Una tarde lluviosa de verano, una consola Atari cambió mi forma de ver la tele y, sin saberlo, mi vida entera. Todo comenzó con Asteroids, un joystick y la certeza de que ahora yo decidía.

PALOMERⒶPORTADA

PALOMERⒶ

6/20/20252 min read

Tenía nueve años y el cerebro me explotó en silencio. Hasta ese momento, la televisión era un aparato que se obedecía solo: encender, cambiar de canal, ajustar el volumen. Pero ese día, por primera vez, la pantalla hizo lo que yo le dije. Y no hubo marcha atrás.

Mi papá llegó con una caja bajo el brazo, una de esas que no traen comida ni ropa, sino algo más difícil de nombrar: una puerta. La abrió con calma. Dentro: un Atari 2600. Negro, elegante, con palancas que prometían movimiento y un botón rojo. Lo conectó al televisor a color que teníamos, y lo siguiente fue hipnosis.

El juego que venía incluido era Asteroids. Mi hermano Israel y yo nos volvimos dos astronautas sin casco, sentados frente a la nave, disparando a formas geométricas que se rompían como planetas tristes. Podíamos pasarnos horas sin movernos más que los pulgares, nos salieron ampollas. Y cuando llegaron Jungle Hunt y Enduro, entendí que mi vida se iba a dividir entre lo que pasó antes del Atari… y lo que vendría después.

Era 1982. México vivía una crisis económica que no entendía, pero que se colaba en las conversaciones de los adultos como un mal clima permanente. Tener una consola de videojuegos era raro. Tener una tele a color en tu cuarto también. En mi casa, ese combo fue una especie de lujo, un gesto de mi Papá que no fue solo tecnológico: fue emocional. Algo en su forma de conectarlo, en su decisión de entregárnoslo sin discurso, me hizo entender que a veces el amor también llega con cables.

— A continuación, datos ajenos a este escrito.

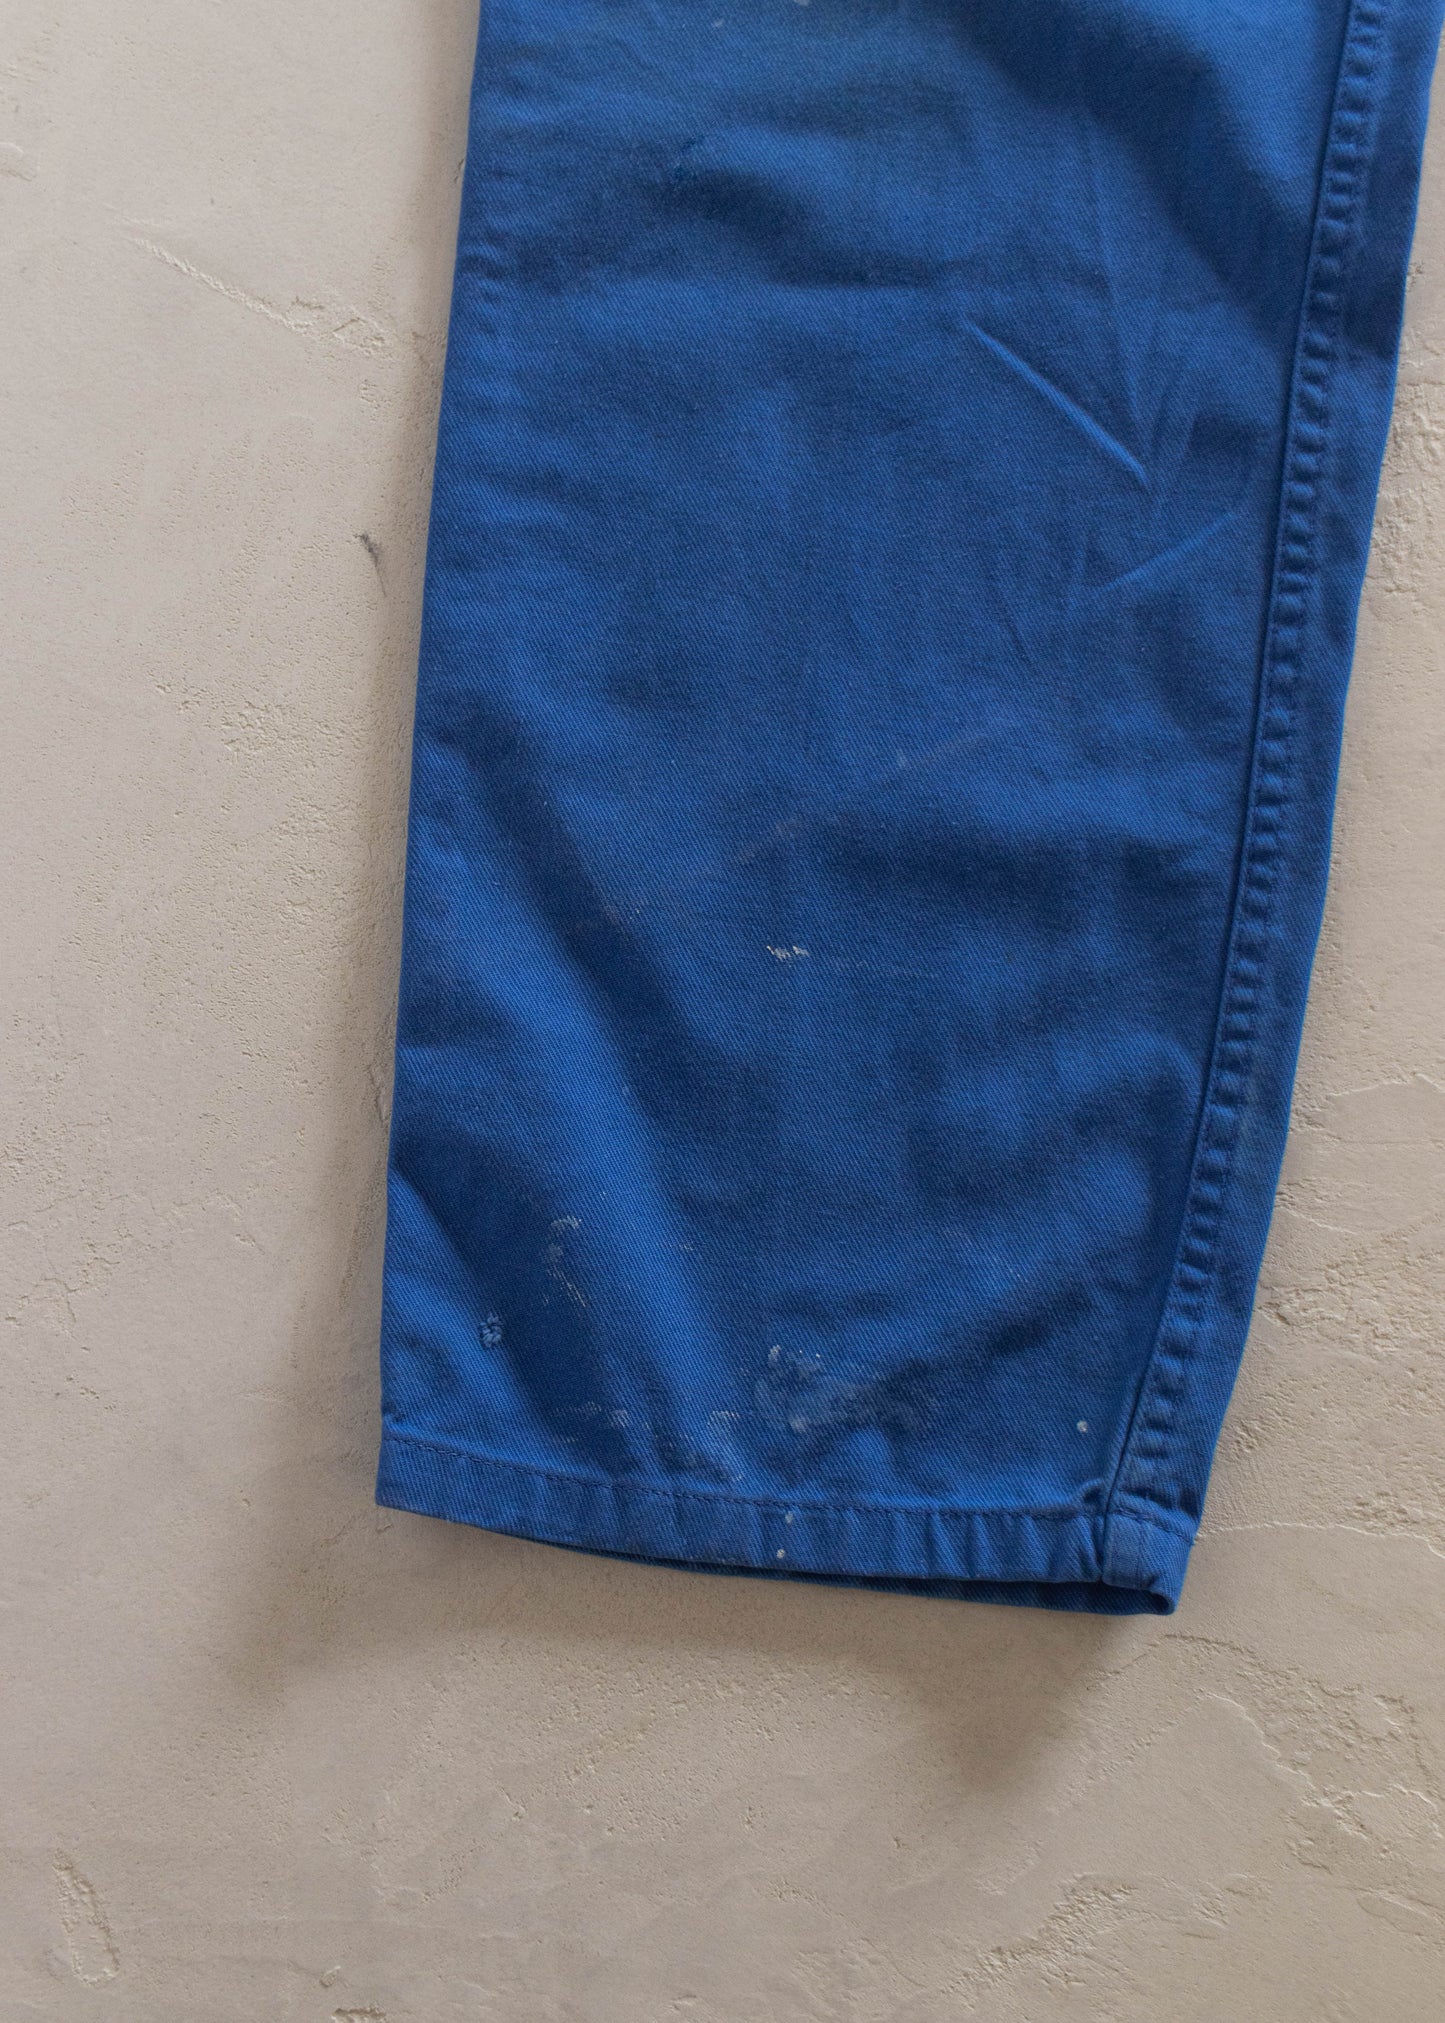 1980s French Workwear Chore Pants Size Women's 32 Men's 34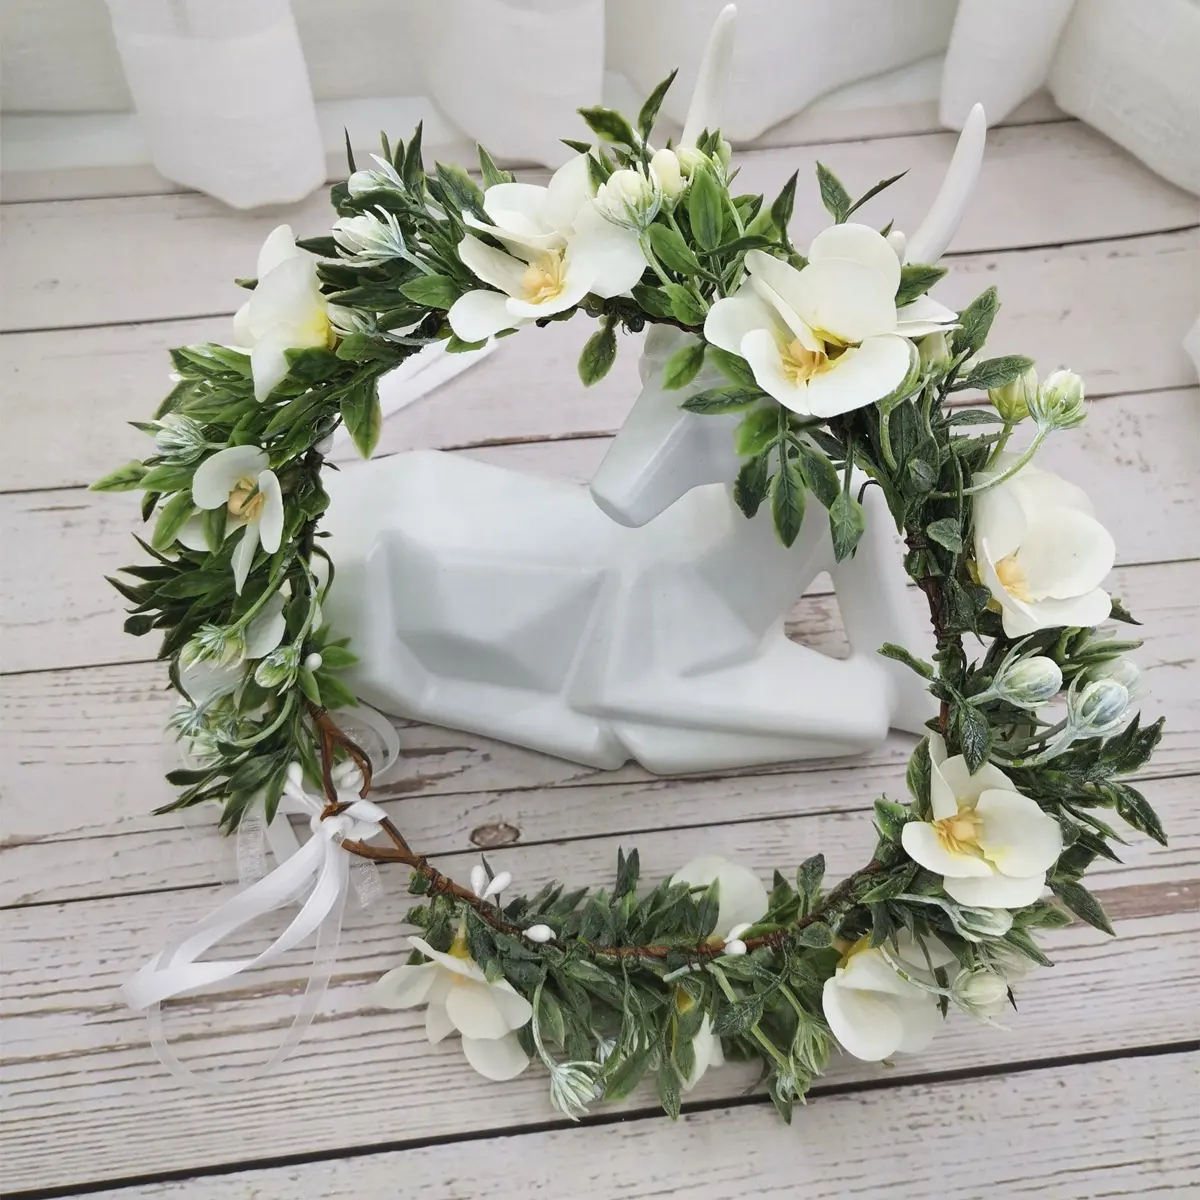 Grosir karangan bunga kering murah buatan tangan karangan bunga kering alami untuk dekorasi rumah pernikahan

Jugábamos después de hacer la tarea, en tardes largas que olían a tierra mojada. Había algo ceremonial en prender la consola, en poner el cartucho, en ajustar la imagen con un pequeño switch en la parte de atrás del televisor. Nada era instantáneo. Todo tenía un orden.

Con el tiempo, el Atari fue sustituido por un Nintendo, luego por un Super Nintendo. Llegaron los años noventa, las consolas modernas, las gráficas más realistas. Jugué en PlayStation, en Xbox, en todo lo que siguió. Pero nunca olvidé el primer momento de conexión: ese instante en que supe que podía tocar un botón… y provocar una respuesta del mundo.

Hoy tengo casi 52 años y los videojuegos siguen conmigo. No por nostalgia, sino porque el juego —como el periodismo, como la vida— también es una forma de buscar respuestas. Solo que a veces empiezas buscando puntos, y terminas encontrando algo mucho más grande.